Kepala Dindik Kabupaten Lebak Hari Setiono mengatakan, pihaknya mendukung kegiatan JMS yang dilakukan oleh Kejari Lebak. Karenanya, pihaknya memerintahkan sekolah selalu siap bila sewaktu-waktu sekokahnya di tunjuk untuk kegiatan program JMS.
“Kita mendukung penuh JMS yang sangat mengedukasi. JMS ini sangat baik serta bermanfaat bagi siswa. Karena langsung tahu dari jaksa apa itu dampak dan ancaman hukum bagi pelaku pidana semisal bullying ataupun pencegahan kenakalan remaja di sekolah maupun soal hukum lainnya,” kata Hari Selasa 25 Februari 2025.
Hari mengatakan, berdasarkan laporan dari setiap sekolah yang telah tersentuh atau didatangi program JMS, para siswa sangat antusias.
“Alhamdulilah, anak-anak sangat antusias dan mempunyai pengalaman dan pengetahuan baru apa itu yang namanya tindak pidana dan ancaman bagi yang melakukan pelanggaran,” ujarnya seraya menambahkan, pihaknya mendukung program JMS, dengan target kedepan para pelajar di Lebak tidak tersangkut atau melakukan perbuatan melanggar hukum.
Sementara itu Kasi Intelijen Kejari Lebak Puguh Raditya mengatakan, pihaknya melalui prgram JMS terus intens mensosialisasikan dampak buruk dari tindakan negatif seperti tawuran, penyalahgunaan narkoba, bullying dan kenakalan lainnya di kalangan pelajar.

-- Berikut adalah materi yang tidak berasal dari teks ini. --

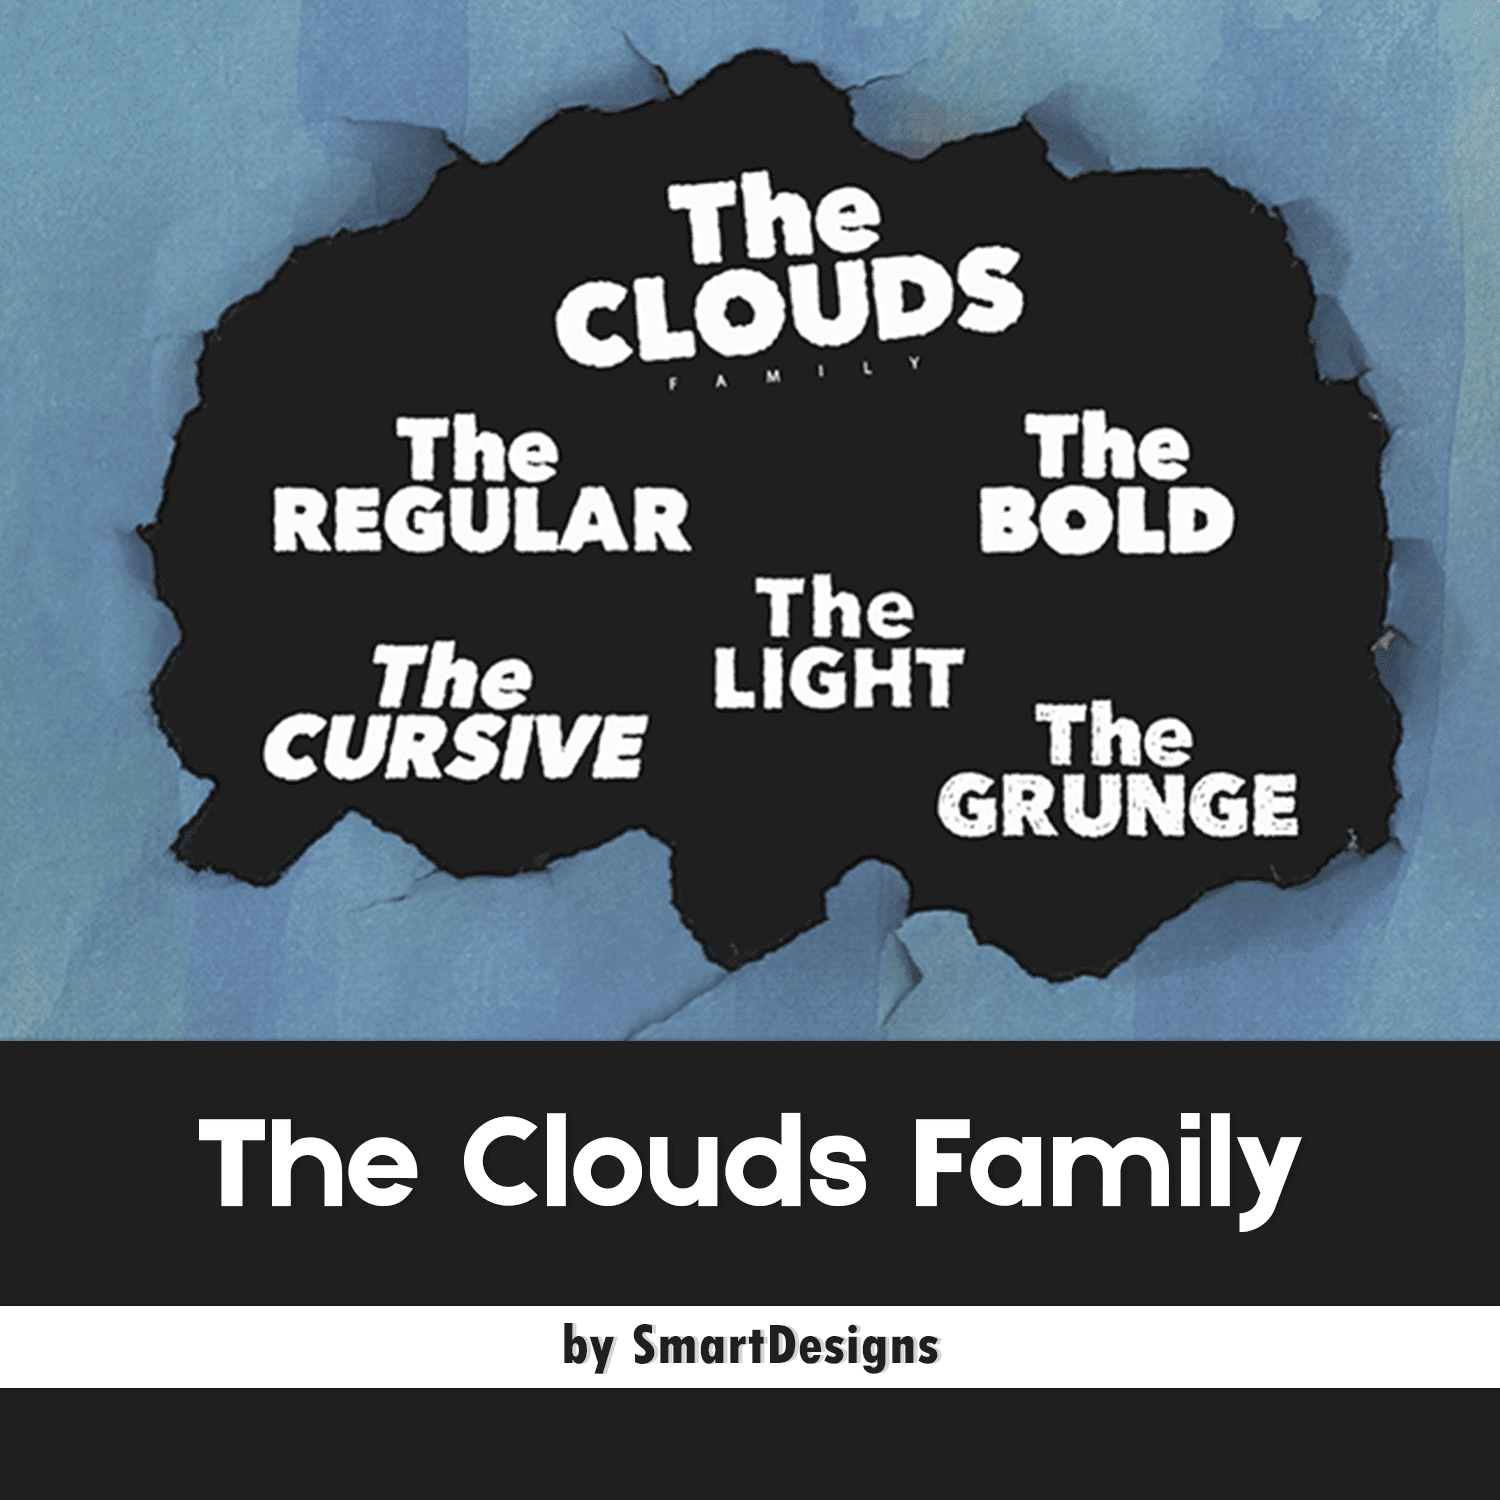 Preview the clouds family.

Jumat pekan Kemarin, Kejari Lebak melalui JMS melaksanakan sosialisasi ke SMPN 1 Kalanganyar.
Tujuan JMS untuk memberikan pemahaman tentang hukum dan pencegahan kenakalan remaja di kalangan siswa secara dini.
“Ya, Melalui JMS ini diharapkan dapat terus menekan kenakalan remaja, seperti penyalah gunaan narkoba cyber bullying dan kenakalan remaja lainnya di kalangan pelajar,” katanya.
Menurutnya, dengan pendekatan yang interaktif dan edukatif, pihaknya menjelaskan
konsekuensi hukum dari kenakalan remaja serta pentingnya pentingnya menanamkan nilai-nilai positif seperti tanggung jawab, kedisiplinan, dan saling menghormati, yang diharapkan dapat membentuk karakter siswa yang lebih baik dan mengurangi risiko terlibat dalam tindakan yang merugikan diri sendiri dan orang lain.
“Dengan memahami hukum sejak dini, kita bisa membuat pilihan yang bijak dan jauh dari hukuman atau kenali hukum, jauhi hukuman,” katanya.